Кажется, впервые с момента смерти нашего отца я испытывал такую скорбь. Мы привыкли относиться к Микеле как к старшему товарищу, невольно видя в нем защитника и ища у него поддержку в трудные моменты. Теперь его не стало, и это довершило мрачную цепь обрушившихся на нас потерь. Идя за Асторе мимо стонущих от боли людей, через запахи пота, крови и смерти, я чувствовал, как обрывается последняя нить, связывавшая нас с детством.
Фаэнца продержалась еще три долгих дня, ставших для нас настоящим кошмаром. Мы почти ничего не ели, охваченные лихорадочным возбуждением неотвратимо приближающейся гибели, и едва держались на ногах. Город был почти разрушен, ямы от пушечных ядер изрыли улицы, повсюду громоздились завалы из обгорелых досок, черепицы и камней. Люди, похожие на живые скелеты, бродили среди развалин, собирая уцелевшее добро, а измученные солдаты падали от усталости прямо на улицах. Помня обещание Асторе, многие решили покинуть город, и стражники открыли для беглецов ворота. Мы не знали, что с ними сталось, но надеялись, что их участь будет лучше нашей.
Поздним вечером третьего дня я пришел в спальню Асторе. Он лежал в безучастном оцепенении, сложив руки на груди, и даже не взглянул на меня, когда я вошел. Я сел на край постели и протянул руку, коснувшись его щеки.
– Братишка...
– Все кончено, Оттавиано. – Его голос звучал глухо и страшно. – Я намерен сдаться.
– Асторе. – Мое сердце подпрыгнуло, сжимаясь от жалости и ужасного предчувствия. – У нас нет выбора. Говорят, иногда победители бывают великодушными...

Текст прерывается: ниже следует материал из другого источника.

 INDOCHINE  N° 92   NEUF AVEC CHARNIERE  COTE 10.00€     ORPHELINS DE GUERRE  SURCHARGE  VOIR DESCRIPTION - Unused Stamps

– Не Чезаре Борджиа. – Он по-прежнему не смотрел на меня. – Мы сопротивлялись так долго и отчаянно, что он наверняка разозлен. Я не боюсь смерти, но не перенесу унижения.

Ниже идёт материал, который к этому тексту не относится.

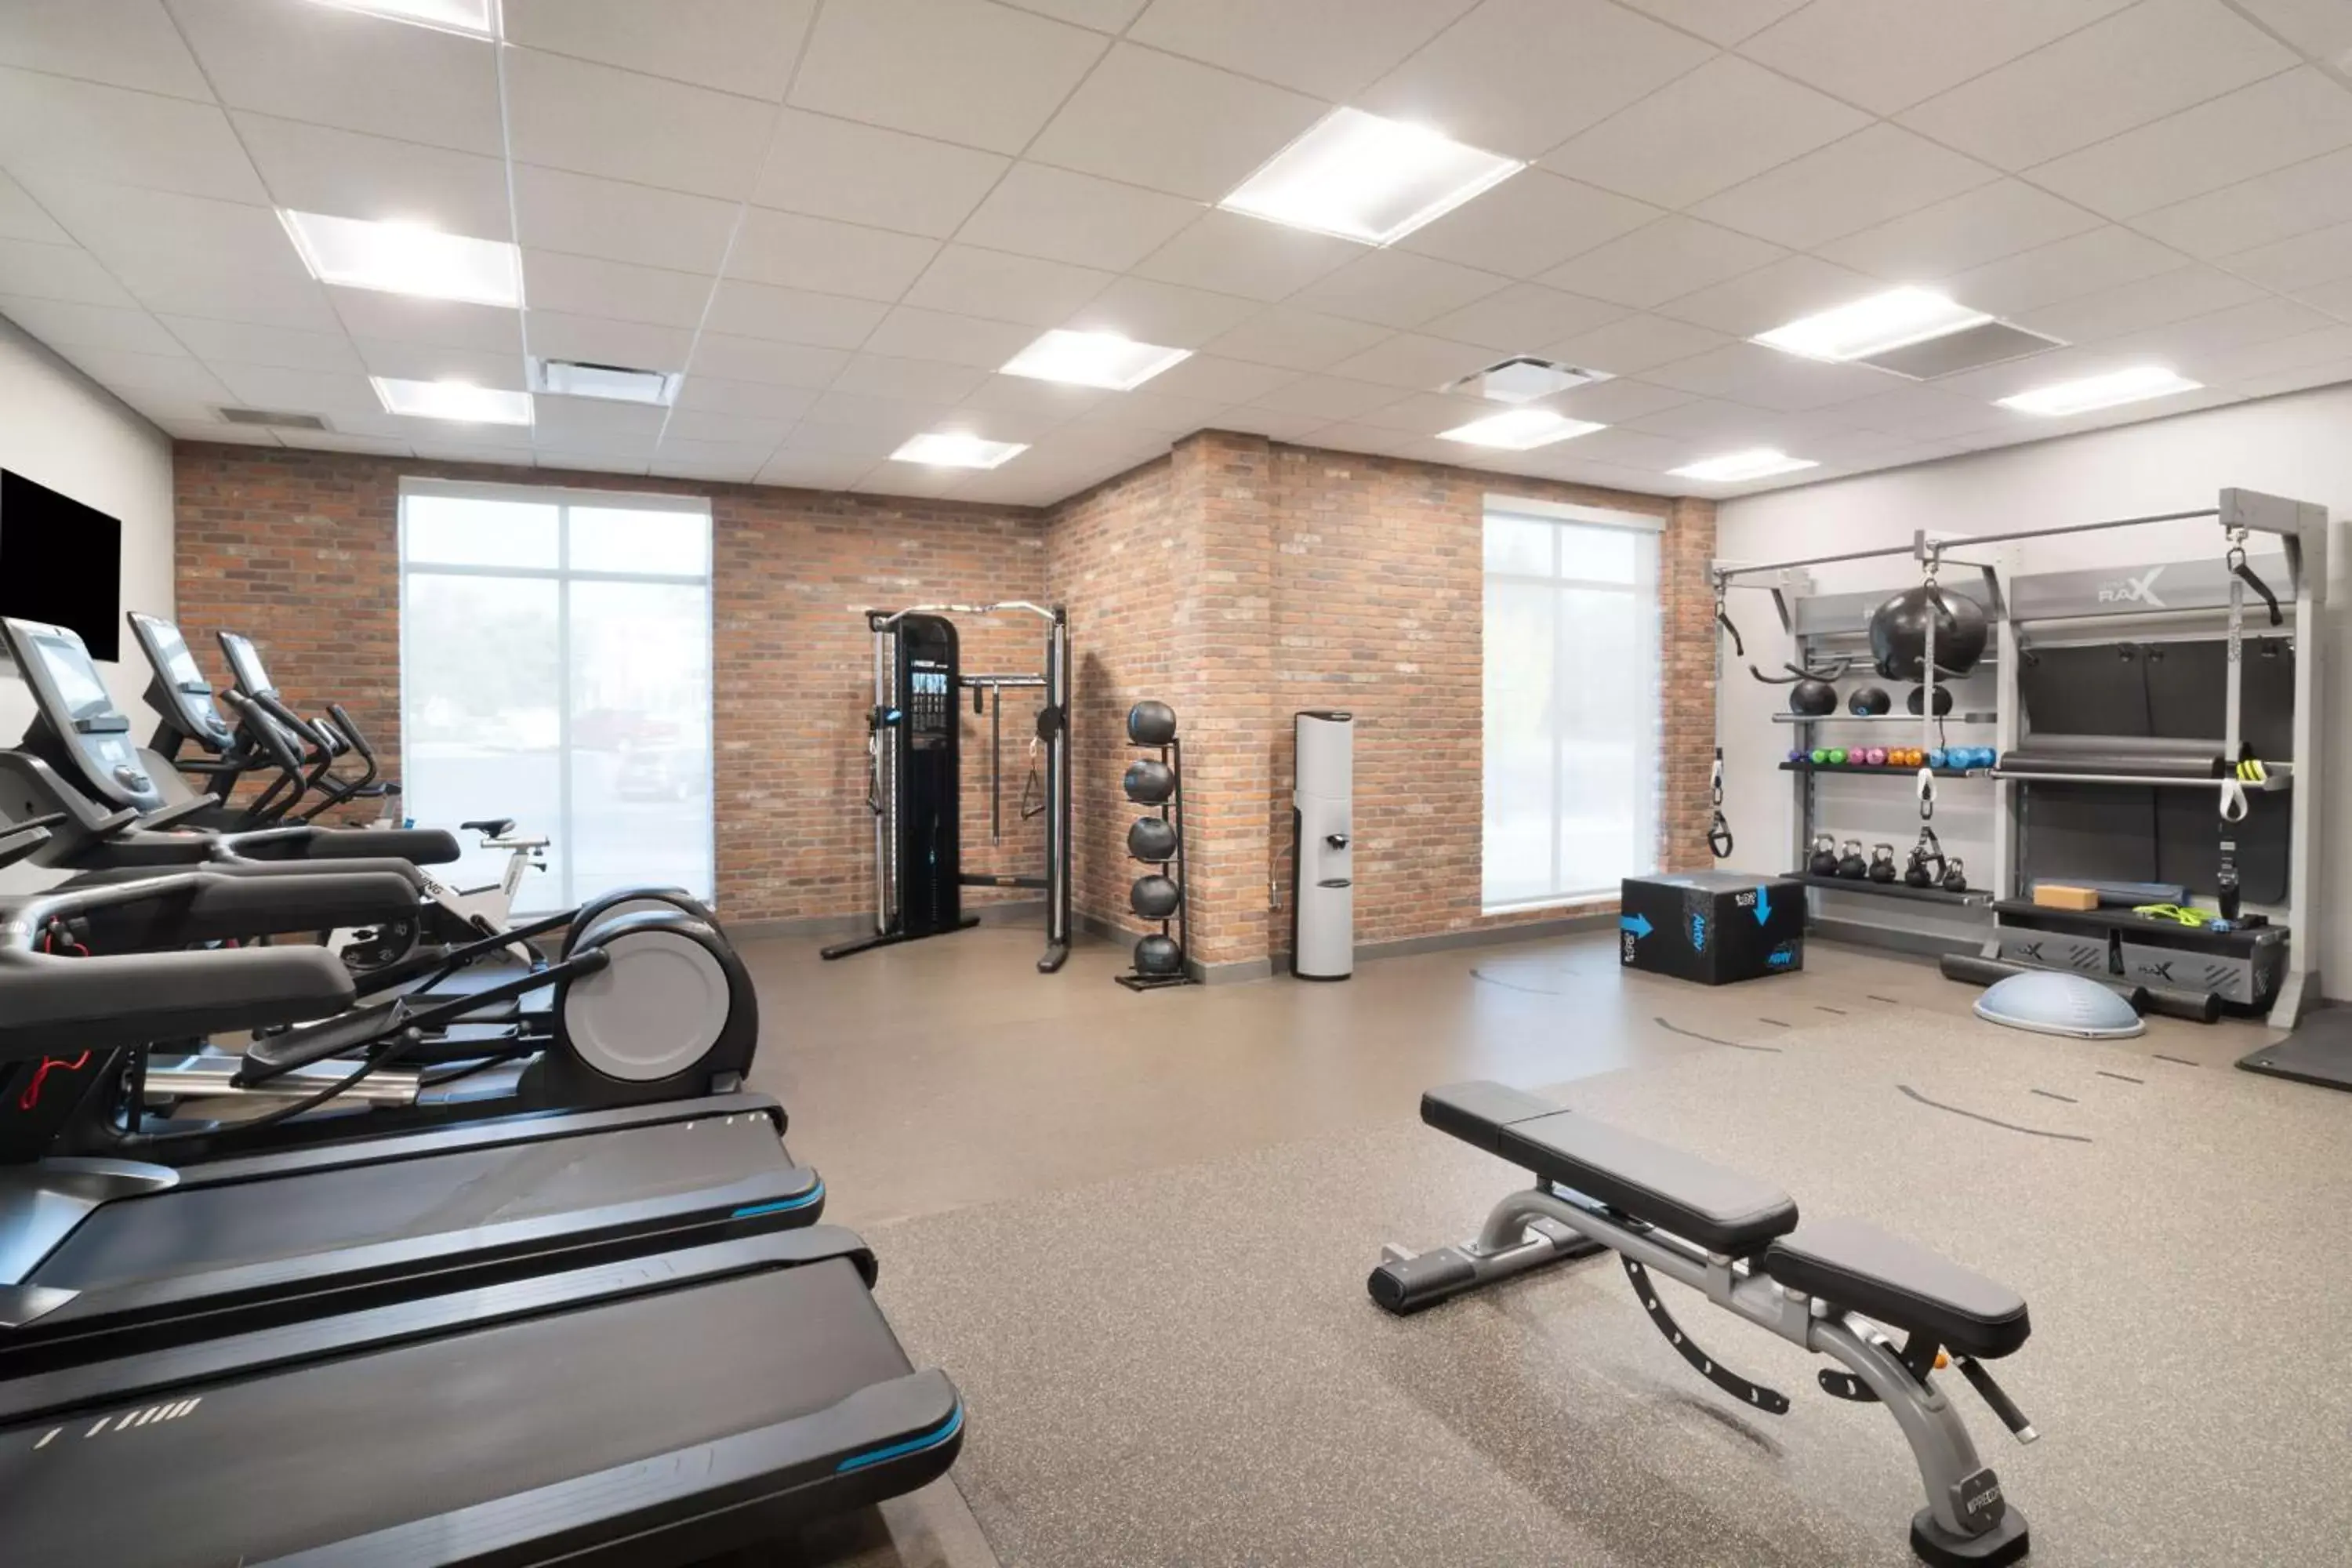 Fitness centre/facilities, Fitness Center/Facilities in Hampton Inn Greer Greenville, Sc

– Мы должны сдаться и потребовать в обмен, чтобы он не причинил вреда жителям, а нам гарантировал неприкосновенность, – твердо сказал я. – Завтра мы обсудим это с советниками. Уверен, нам удастся выбить из Валентино хорошие условия сдачи.
Он не ответил. Я обнял его, поразившись хрупкости его изможденного тела, и стал покрывать поцелуями его лицо, убеждая не отчаиваться и клянясь в верности и любви. Мой дорогой мальчик, для нас обоих настало время самого тяжелого испытания...

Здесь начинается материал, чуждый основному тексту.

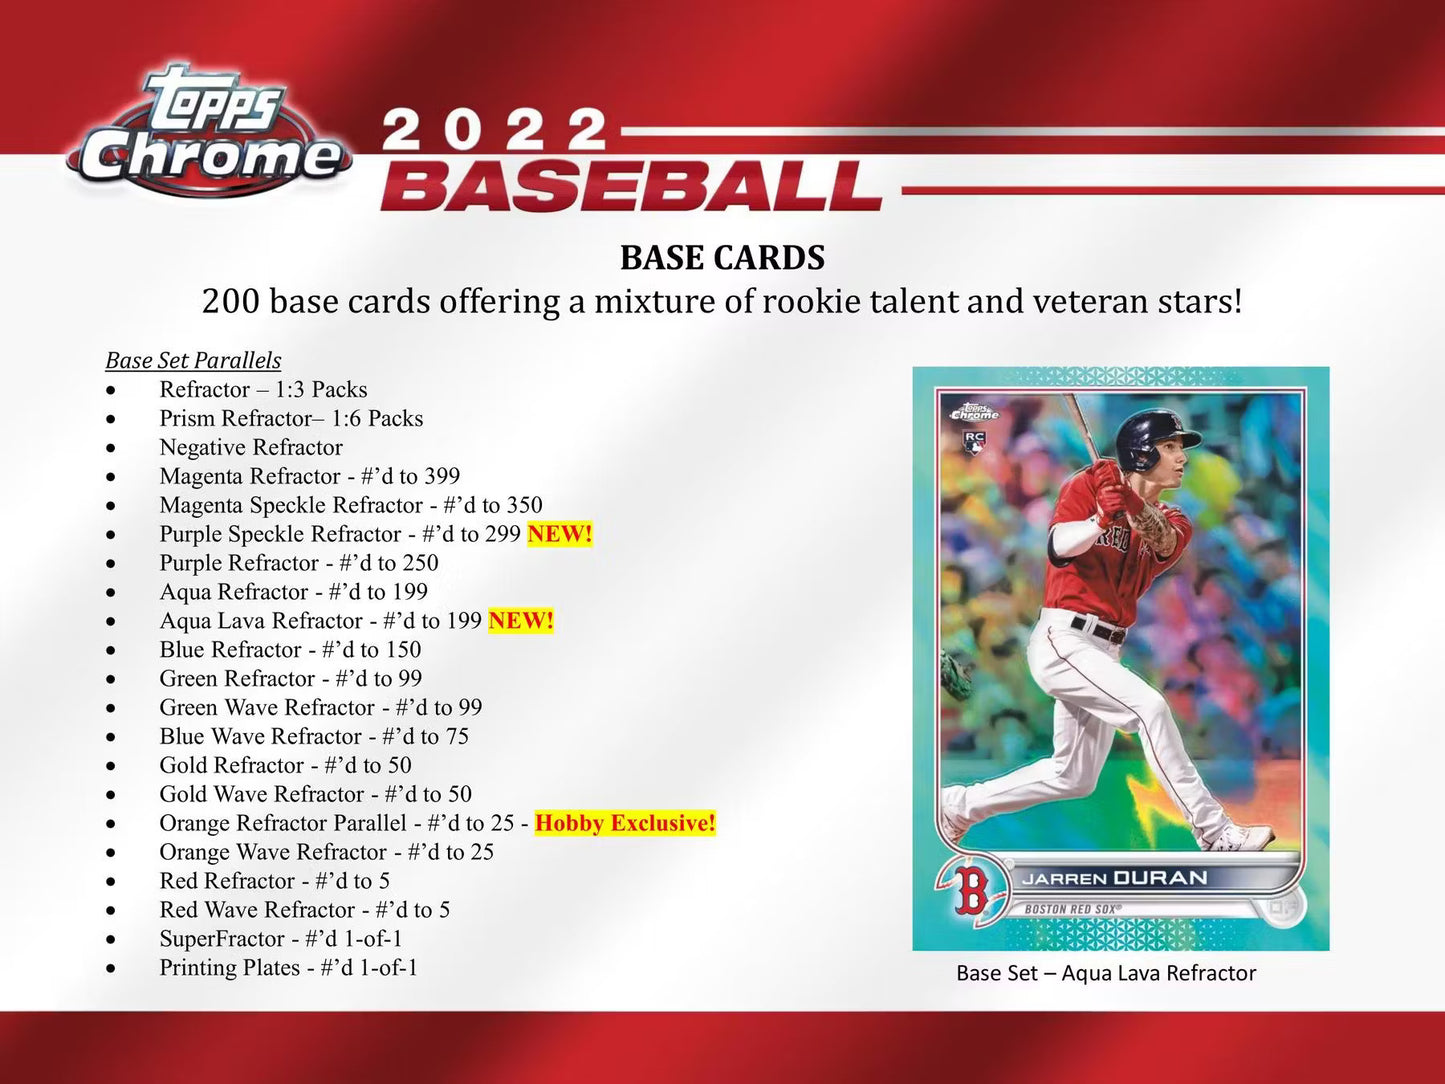 2022 Topps Chrome Baseball Hobby Box (+1 Silver Pack)

Утром городской совет единодушно поддержал решение Асторе сдать город герцогу Валентино. В Фаэнце не осталось тех, кто мог бы еще сопротивляться врагу. Браччано, постаревший, осунувшийся, говорил за всех, опустив голову и стараясь не смотреть на нас с Асторе.
– Продовольствия в городе хватит самое большее на три дня, ваше сиятельство, даже если учесть, что люди продолжают уходить. Дезертиров становится все больше...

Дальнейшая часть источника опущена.